The Verizon iPhone: Has Android turned those rumors into "so what?" moments?

New rumors about a Verizon iPhone don't seem matter as much now that the Android devices are all the rage
Written by Sam Diaz, Inactive

After the buzz last week, driven in part by reports in both the New York Times and Wall Street Journal, that the iPhone would finally be coming to the Verizon network early next year, a few friends over the weekend wanted to know: did this mean I was finally going to get an iPhone?

My short answer: No.

First of all, I told them, this is still a rumor. The Times is sourcing its report on a single person who is "in in direct contact with Apple" and doesn't want to "alienate his contacts at Apple." The Journal cites "people familiar with the matter." You'll excuse me if I don't jump up and down with excitement over these reports. It's not the first time I've heard this rumor.

Second, I'm just not loving the iPhone as much as I once did. I'll admit that I once had a bad case of iPhone envy - but AT&T's service in the San Francisco area was so poor that I just couldn't bring myself to pay that bill. I also said repeatedly that I would be one of the first in line if the iPhone ever landed at Verizon.

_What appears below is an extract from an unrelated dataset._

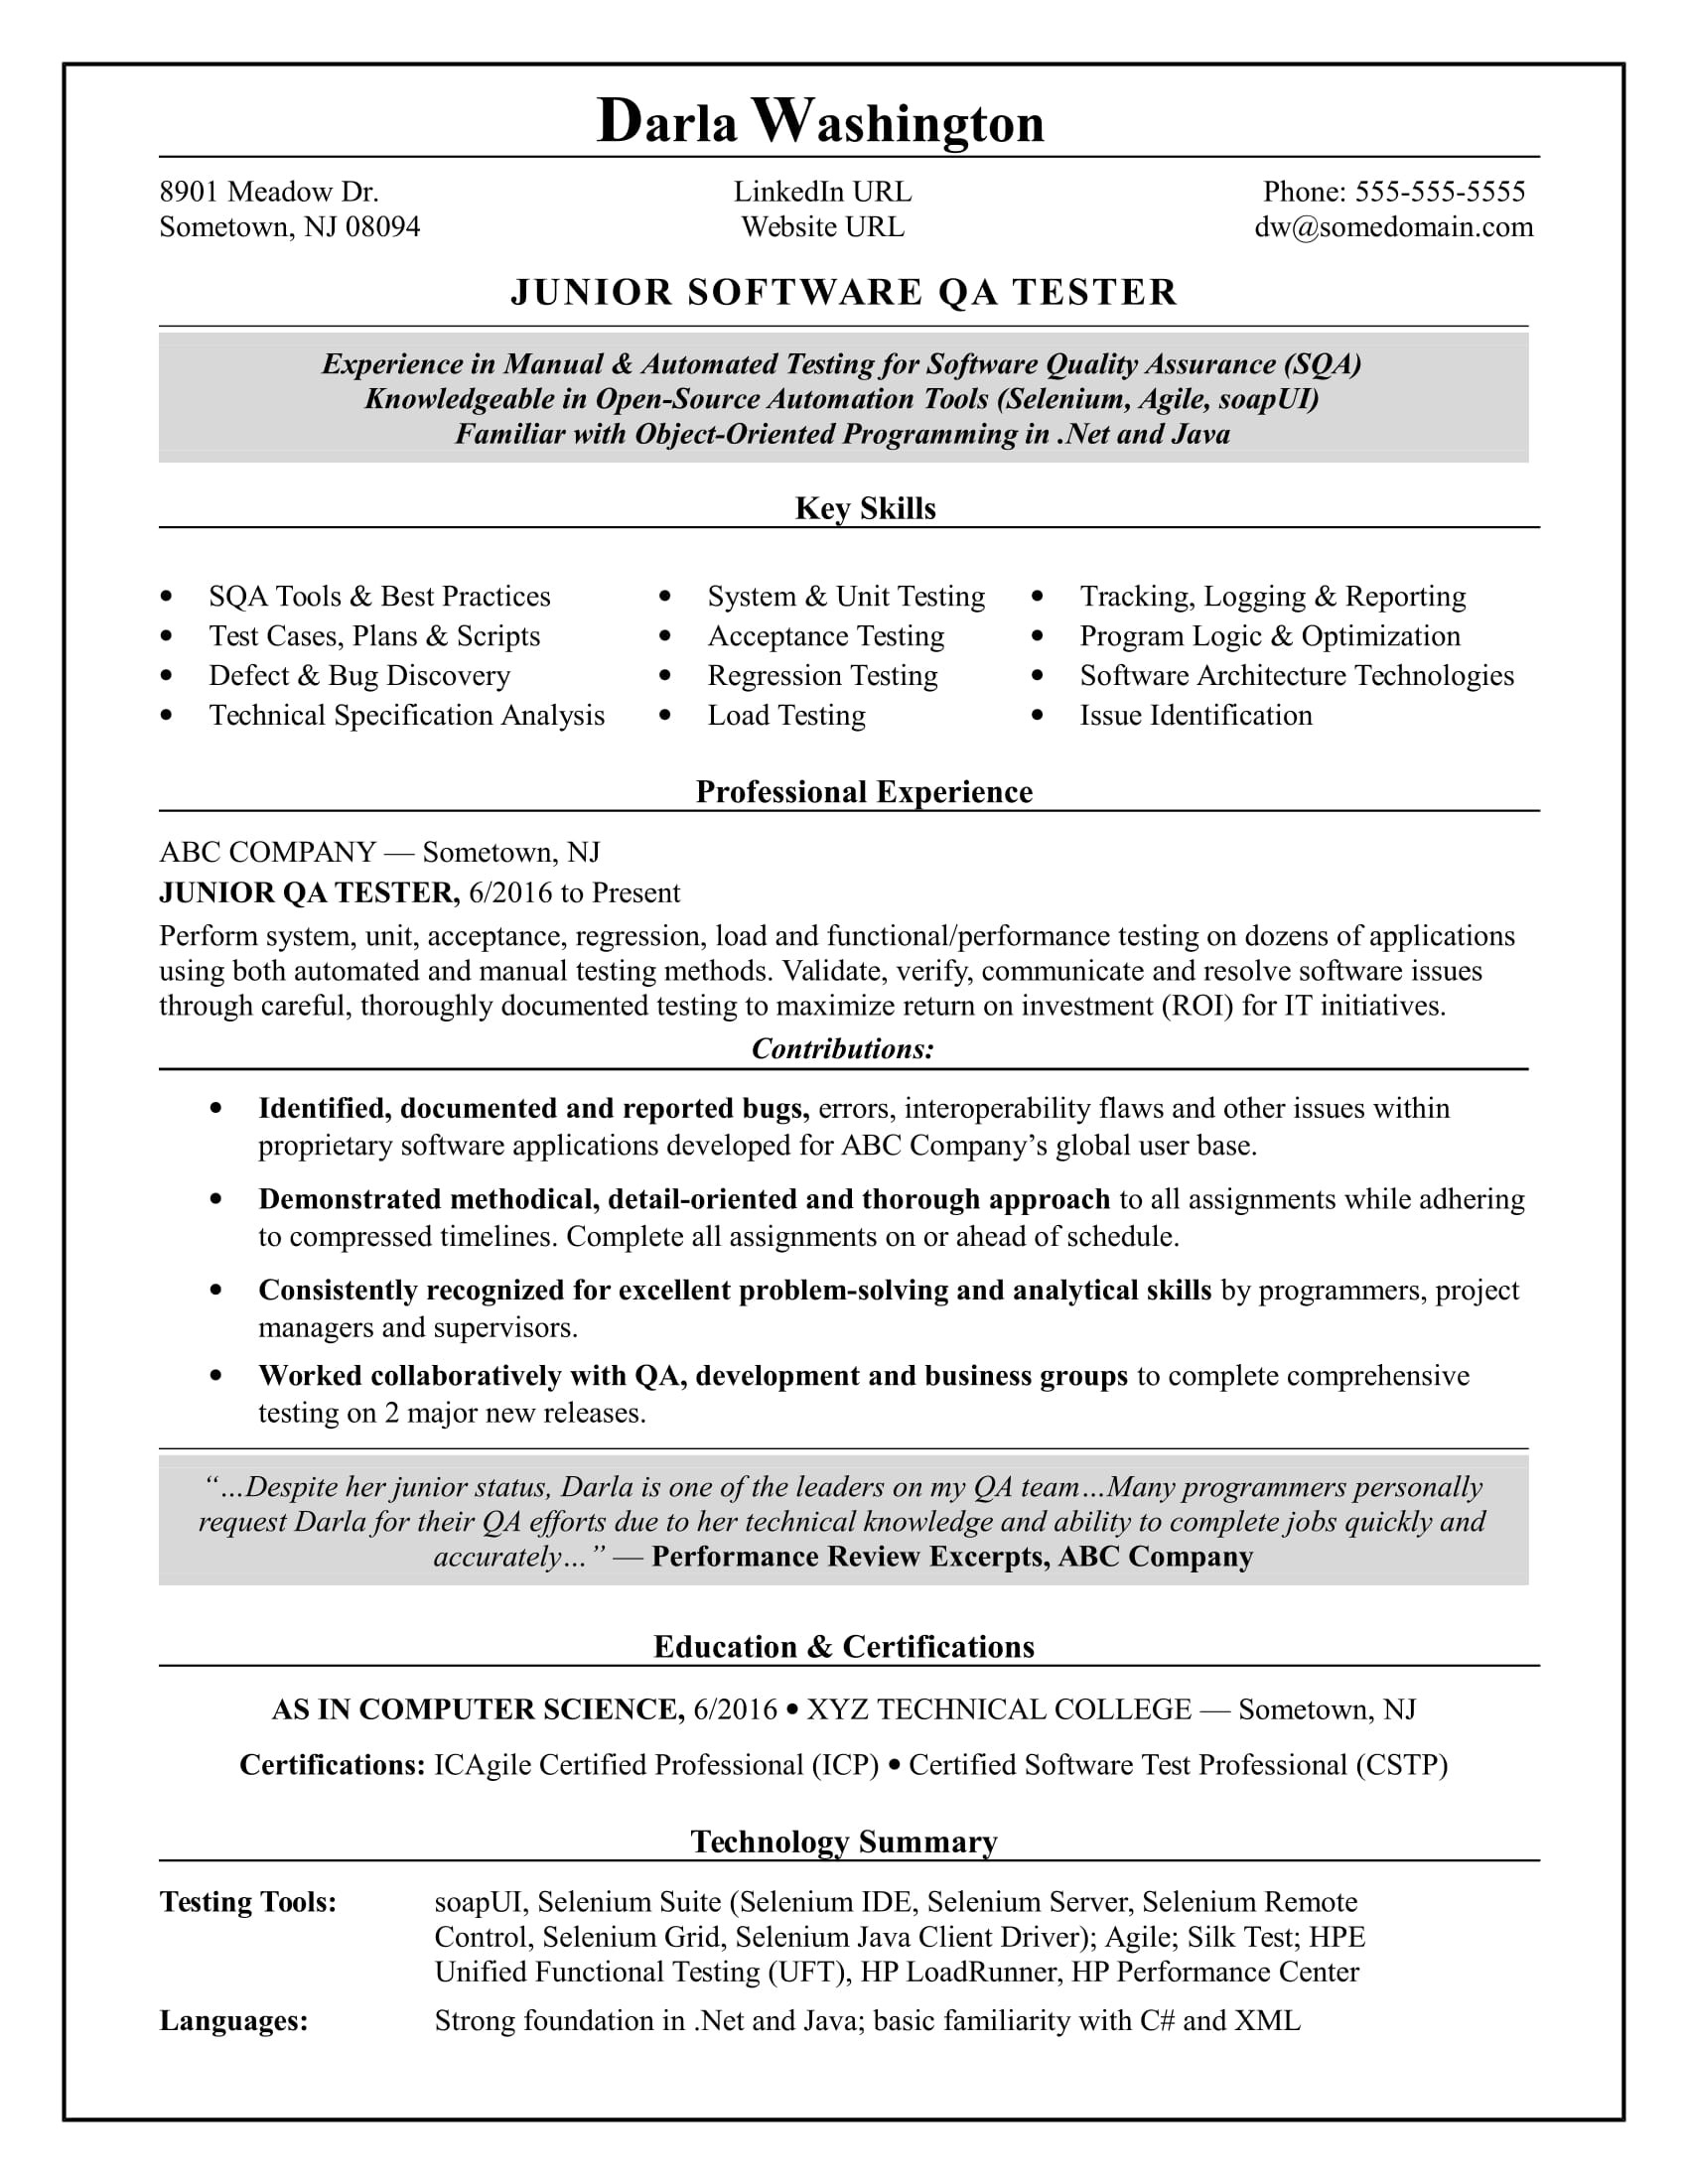 Sample Resume for Game Tester Fresher Entry-level Qa software Tester Resume Sample Monster.com

But that was then and this is now.

Don't get me wrong. The iPhone is an amazing device and is consistently raising the bar for the competition. In terms of sales, it's consistently a shining star for Apple's bottom line. And I have no doubt - as do the analysts that the NYT and WSJ interviewed - that an iPhone on the Verizon network could be quite disruptive to the industry. But not for me. I wasn't all that impressed with the iPhone 4, as well as all of that antennagate drama and now, that GlassGate problem. (Why does there always have to be "gate" for every little scandal?)

My final point is less about Apple and more about Google's Android. What can I say? I like Android - a lot - and I have no intention on dumping it just because the iPhone finally appeared on the Verizon lineup. Is it perfect? No, of course not. Battery life on my Droid Incredible, for example, leaves a lot to be desired. But I can work past something like that by keeping a charger in my car or a USB power adapter with my computer when I use it remotely. And I'm also hoping that Google and the device makers are working on it, as well. If I had an iPhone, there really wouldn't be a way for me to compensate for the poor signal that keeps dropping my calls or making me miss them all together.

Does that mean I won't ever change my mind about the iPhone? Of course not. Who knows what the next design looks like, which carriers will be supporting it or what that entry price point will be? And what about the Windows 7 Phone devices, which are being unveiled today in New York City? Or the new Blackberry? And let's not forget that HP still plans on doing something with the WebOS system it acquired in the Palm acquisition .

Bottom line: I'm cool with my Android smartphone. I like the OS, the apps, the hardware and especially the integration with Google products. The iPhone's arrival on the Verizon network - whenever that day might really be - can't take that away.